The trade war instigated by President Donald Trump is casting a shadow over Atlanta’s office market, prompting uncertainty among tenants who are hesitating to make leasing decisions.
After a robust 2024, where Atlanta landlords secured leases totaling 10 million square feet — the highest in five years — activity appears to have receded as the new year unfolds.
Brokers are expressing concerns that the tariffs and economic unpredictability could derail the positive leasing momentum that was previously gathering steam late last year.
CBRE Senior Vice President David Todd, a prominent Atlanta leasing broker, noted, “Several of my clients have hit the pause button.
There’s a long-term impact if the tariffs get in place, but I think people will hit the pause button for the next 30 days.”
Data from Colliers indicates a significant decline in leasing activity during the first quarter, showing a 30% year-over-year decrease, while absorption recorded negative numbers, with more than 330,000 square feet vacated compared to leased space.
Kirk Rich, principal at Avison Young, remarked on the anxiety felt by corporate decision-makers in recent weeks due to Trump’s tariff conflict, worried that this might lead to further freezes in office leasing as the year progresses.
He expressed his concerns, stating, “I’m concerned because, over the last 60 days, the volatility of the entire world stymied CEOs to make decisions.
I don’t think there’s any way it doesn’t negatively affect everything if it’s prolonged.”
Recently, Trump enforced a 10% tariff on nearly all imports into the U.S., which includes a steep 145% levy on Chinese goods.
Although Trump suspended reciprocal tariffs on countries like Japan, South Korea, and the European Union until July while negotiating potential trade deals, the announcement on April 2, labeled “Liberation Day,” sent shockwaves through Wall Street.
Economists warned that these actions could thrust the economy into a recession, leading the International Monetary Fund to downgrade its global economic growth projection from 3.3% last year to 2.8% for this year, citing the trade war as a contributing factor.
While brokers report that deals have yet to collapse directly due to the prevailing economic turmoil, there is a pervasive sense of caution.
Many industry professionals believe that the reaction time for commercial real estate lags behind real-time economic events, indicating that a downturn in market activity is merely a matter of time.
Heather Lamb, senior vice president and market leader for Highwoods Properties, the largest office landlord in Atlanta, stated, “I suspect there are tenant-level conversations being had about potential impacts, and there might be some slowing in the future, but we’re not seeing it yet.”
Interestingly, the leases signed in the last quarter have been larger compared to recent trends, with tenants concluding 14 significant deals exceeding 40,000 square feet, more than doubling the six notable deals from a year prior.
Significant leases during this period included Vensure’s 90,000 square foot acquisition at Sugarloaf I in Gwinnett County, the largest office lease of the quarter, as well as Duracell’s 56,000 square foot deal at Science Square and Unum Group’s 57,000 square foot expansion into sublease space at The Terraces in Dunwoody.
Additionally, firms such as StubHub, Veritiv Operating Co., Compass Group, and SR-400 Constructors also secured leases of 50,000 square feet or more during this timeframe, according to a CBRE report.

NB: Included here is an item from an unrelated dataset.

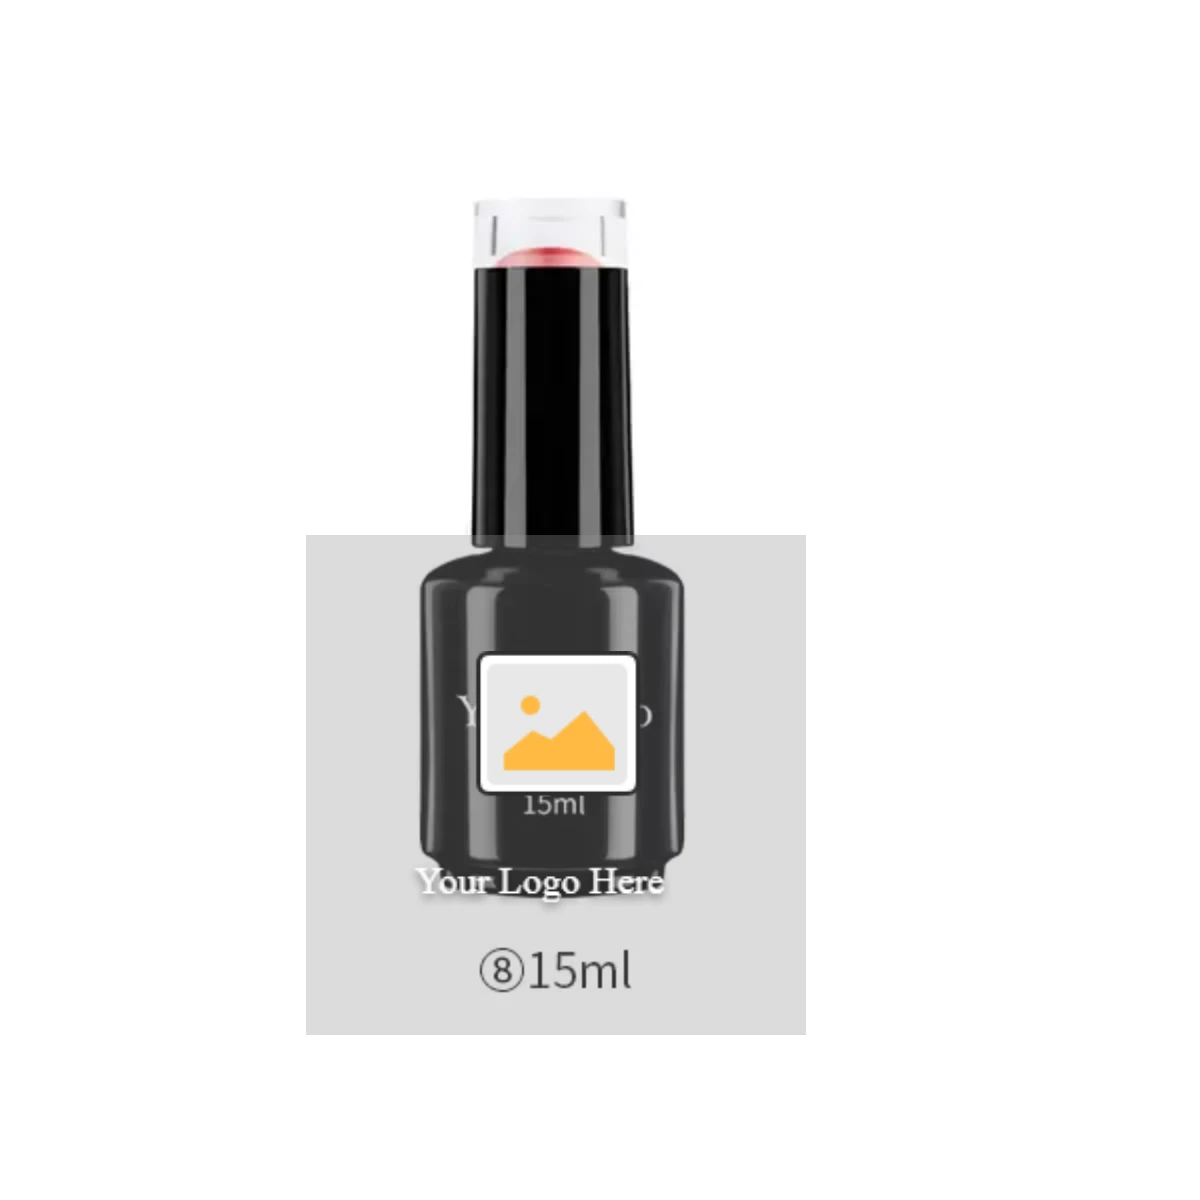 Free sample RS Nail 15ml uv led soak off wipe top coat  nail polish

Jessica Doyle, a Senior Vice President at CBRE, highlighted a notable immediate impact stemming from Trump’s tariff policy.
She mentioned that she has encountered challenges in quoting competent tenant improvement packages to prospective clients, with many general contractors only honoring quoted prices for 15 days, whereas leasing negotiations often extend over a more extended period.
Doyle remarked, “My pipeline is still robust; things still seem to be stable.
I just don’t see how the tariffs won’t impact.”
James Pitts, the founder of Greenwood Commercial Real Estate Group, pointed out that the trade war is already influencing commercial real estate construction in the office sector, making it difficult to maintain stable underwriting assumptions due to fluctuating prices.
Reflecting on the current situation, Pitts added, “When you think about it, Liberation Day happened in April.
It’s not even been a month. People don’t even know how to react right now.
It’s going to have a cascading effect.”
Rich anticipated that the ramifications of the trade conflict would fully manifest in the office market within the next six months.
He remarked, “We’re in incredibly uncharted waters.
I don’t think anybody can predict where we are.
Either the tariffs are well understood, or volatility and confusion are the new norm, and that will not be well received by the business community.”